No creía en todo eso. Decidimos, pues, que iríamos el sábado siguiente. Por excepción el hombre no fué a S. J. para sus consultas
habituales. En esa fecha aún vivía mi madre. Ella nos dijo: «Ah,
hijos, no quiero impedirles que vean a ese B . . . Pero sépanlo, no
tengo confianza en él. Es una familia de asquerosos (sic) ¡y si pudiera haría morir a medio S. J.!»
"Este grito de alarma no nos detuvo. "El sábado siguiente tocábamos el timbre en la puerta del famoso curandero.

Una sesión de curandero

"Fue su mujer la que abrió la puerta. Nos recibió amablemente.
Esperábamos turno cuando el curandero nos hizo entrar, nos rogó
que nos sentáramos y empezó la consulta.

"—Señora, ¿su nombre y apellido? ¿Fecha de nacimiento? "Una vez obtenida la respuesta, B . . . . corta una mecha de cabello de mi mujer. La coloca entre el pulgar y el índice de su mano izquierda, y con su mano derecha tiene la muñeca de mi mujer. Un momento de silencio. Frota el pulgar y el índice el uno contra el otro y, sin que haya dicho una palabra, hete ahí que, súbitamente, un humo azul se escapa y sube a veinte centímetros, por lo menos, de altura. Era como un cigarrillo que se fumara solo en un cenicero.

Al cabo de un instante, separa los dedos y — cosa increíble — ¡no
hay más cabellos! Entonces B. . . declara: «¡Oh! tiene los nervios enfermos, pero no es nada, es asunto mío: ¡es mi especialidad! ¡Con dos o tres sesiones estará usted completamente bien!»

"Toma entonces un frasco que contiene una substancia desconocida, introduce su pulgar en el frasco, durante apenas algunos segundos — porque tiene su reloj frente a él para controlar—, retira bruscamente su pulgar. En este momento toma las dos muñecas de mi mujer: el hombre se crispa, s^ pone rojo como un tomate. Esto dura algunos minutos y tiene la cabeza agachada. Y súbitamente mi mujer empieza a cerrar los ojos y se duerme. En seguida, el curandero suelta las muñecas de mi mujer y se pone en el deber de despertarla.

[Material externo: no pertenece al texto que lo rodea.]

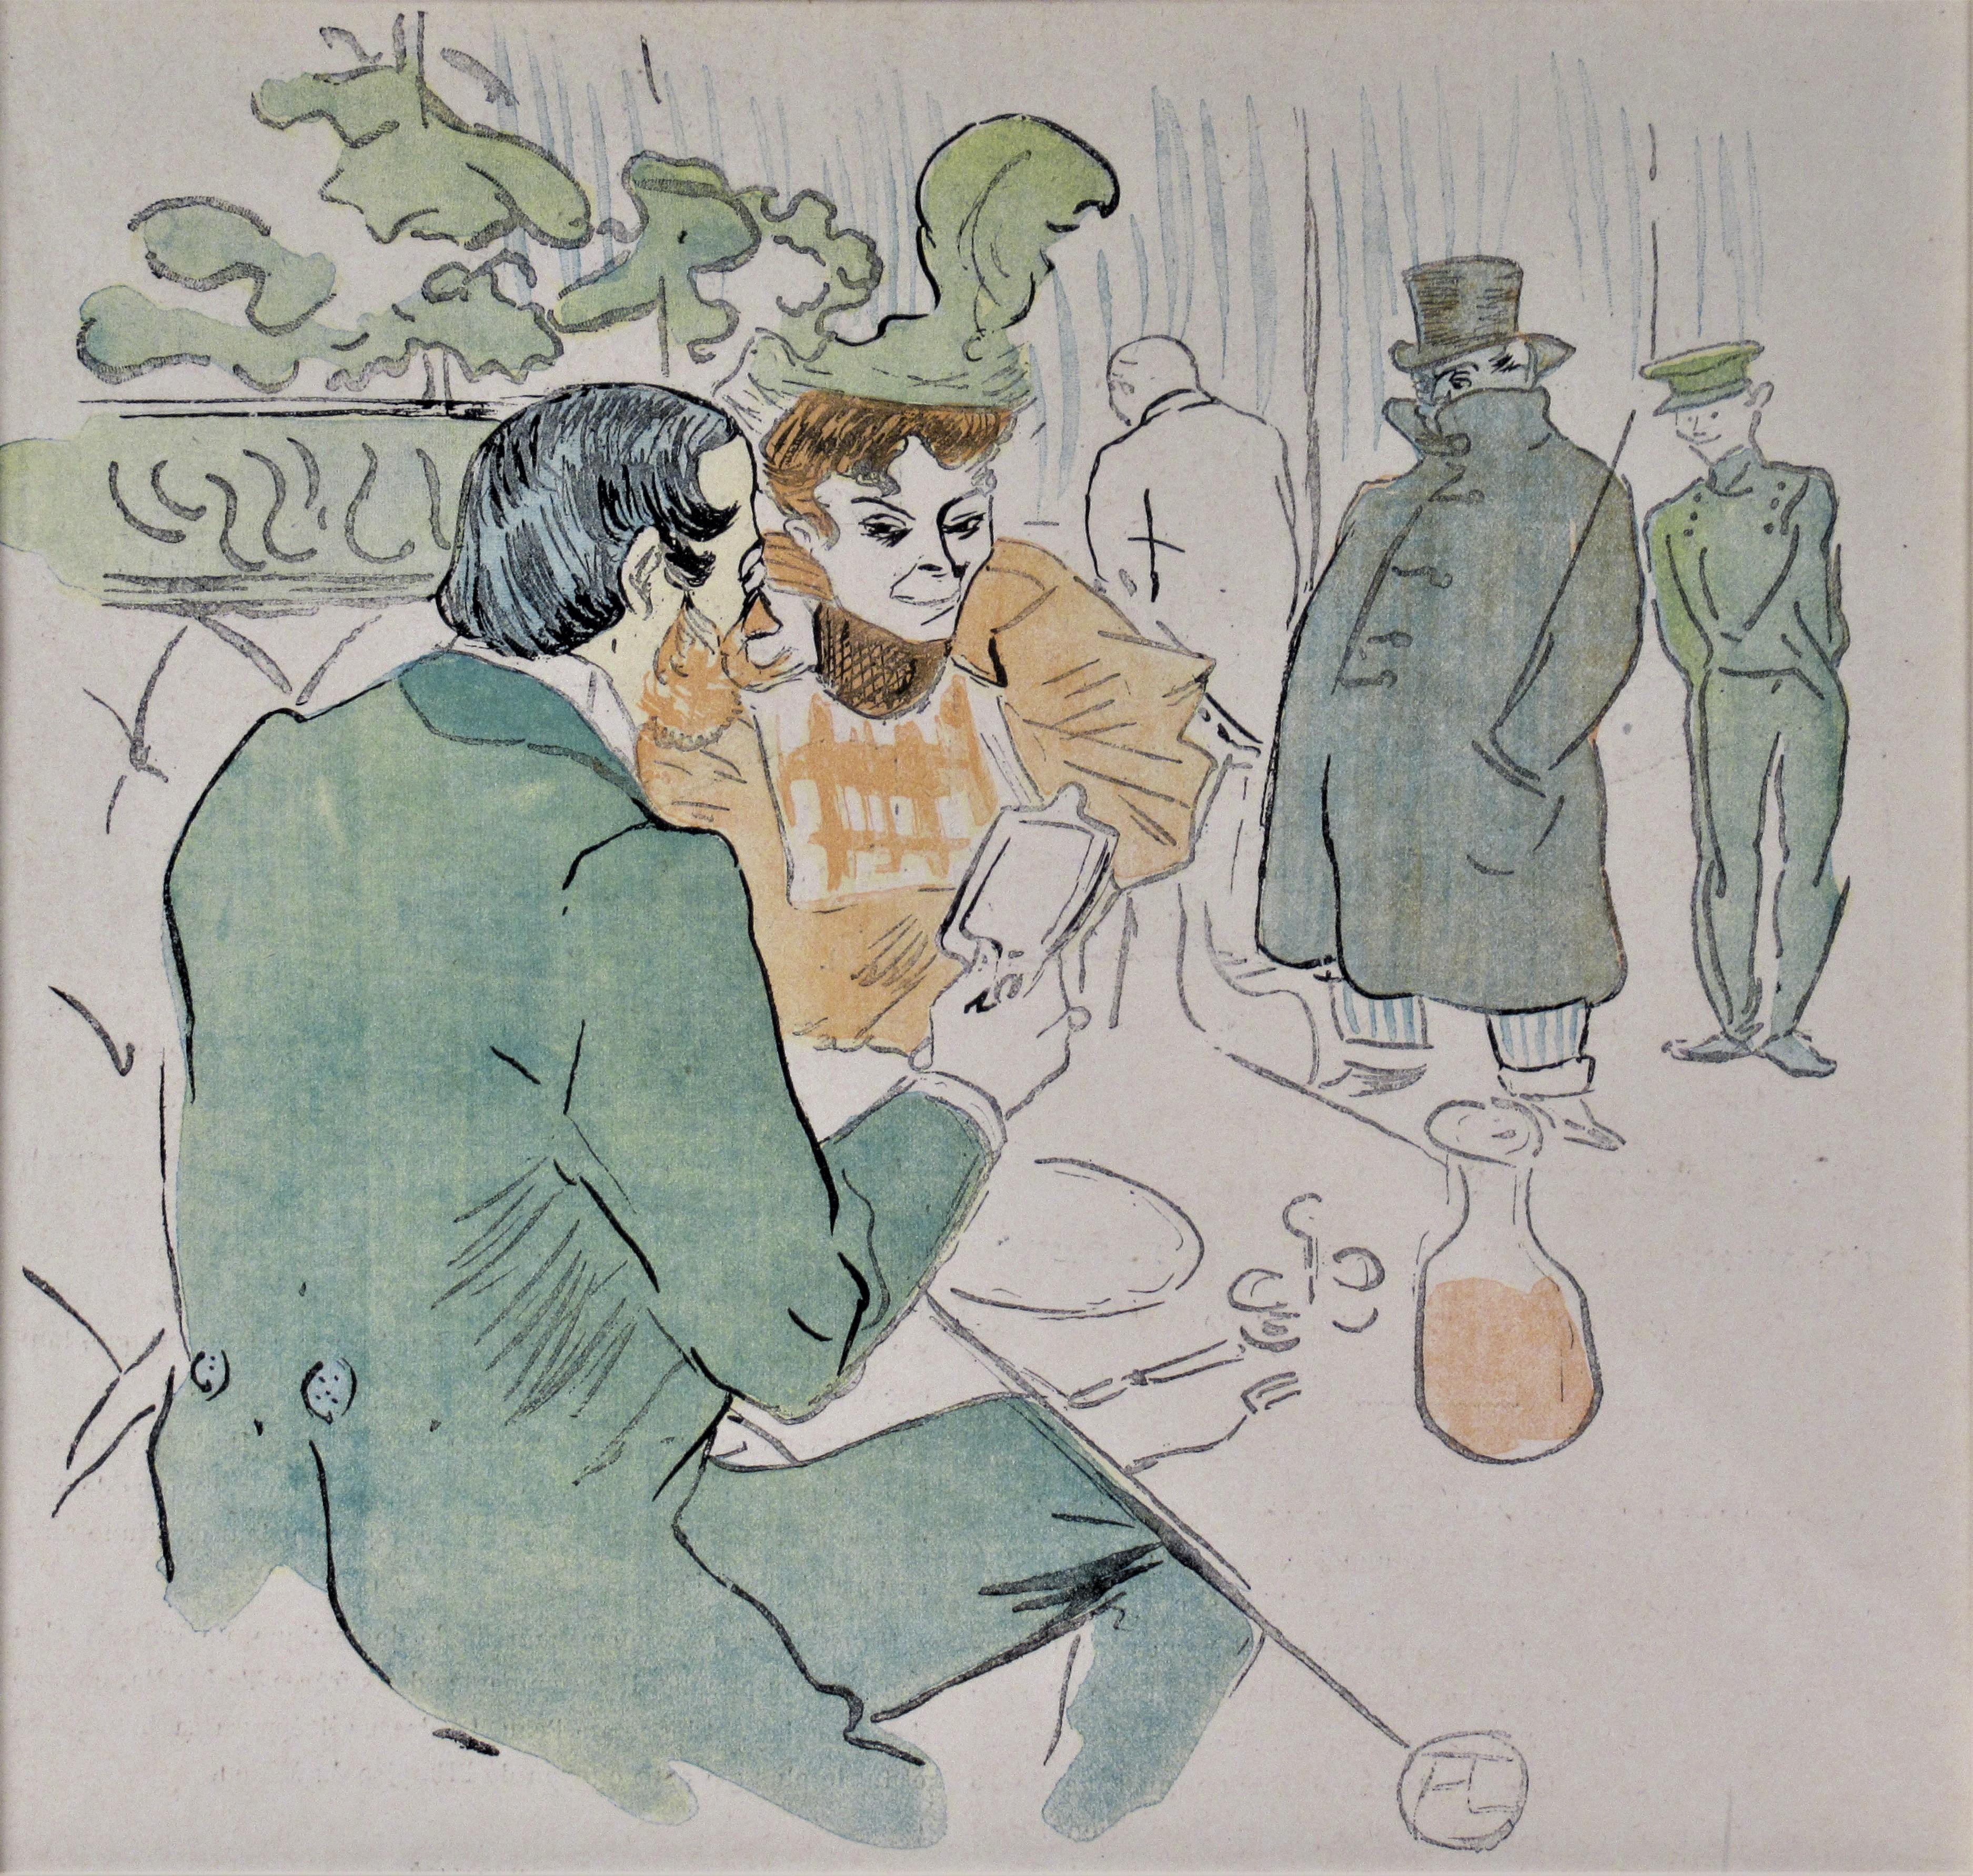 Snobisme - Print by Henri de Toulouse-Lautrec

B . . . declara que le duele la nuca, porque esto que acaba de hacer, según él, es muy cansador. Coge una ampolla con éter y se arroja, por presión, un chorro en la nuca para recobrar su aplomo, luego hace lo mismo sobre la nuca de mi mujer que se encuentra como embrutecida, con la cabeza pesada, como consecuencia de ese extraño sueño. La sesión ha terminado. Mi mujer se sentía un poco mejor que una hora antes. El curandero nos dió su dirección personal por si acaso deseábamos ir a verlo en su domicilio. Pero nos previno que volvería a S. J. quince días después.

Sueños extraños

"Partimos con una buena esperanza de curación. Pero esa misma noche, mi mujer deja de pronto su tenedor, y apoyando la cabeza, en el plato se duerme. ¿Qué ocurría? Yo no comprendía nada. Pasan dos minutos que parecieron muy largos. Mi mujer vuelve en sí y me dice: «¿Qué quiere decir esto? Todo se borró delante mío y no me di cuenta de nada. ;Y ahora me siento toda floja e idiotizada!»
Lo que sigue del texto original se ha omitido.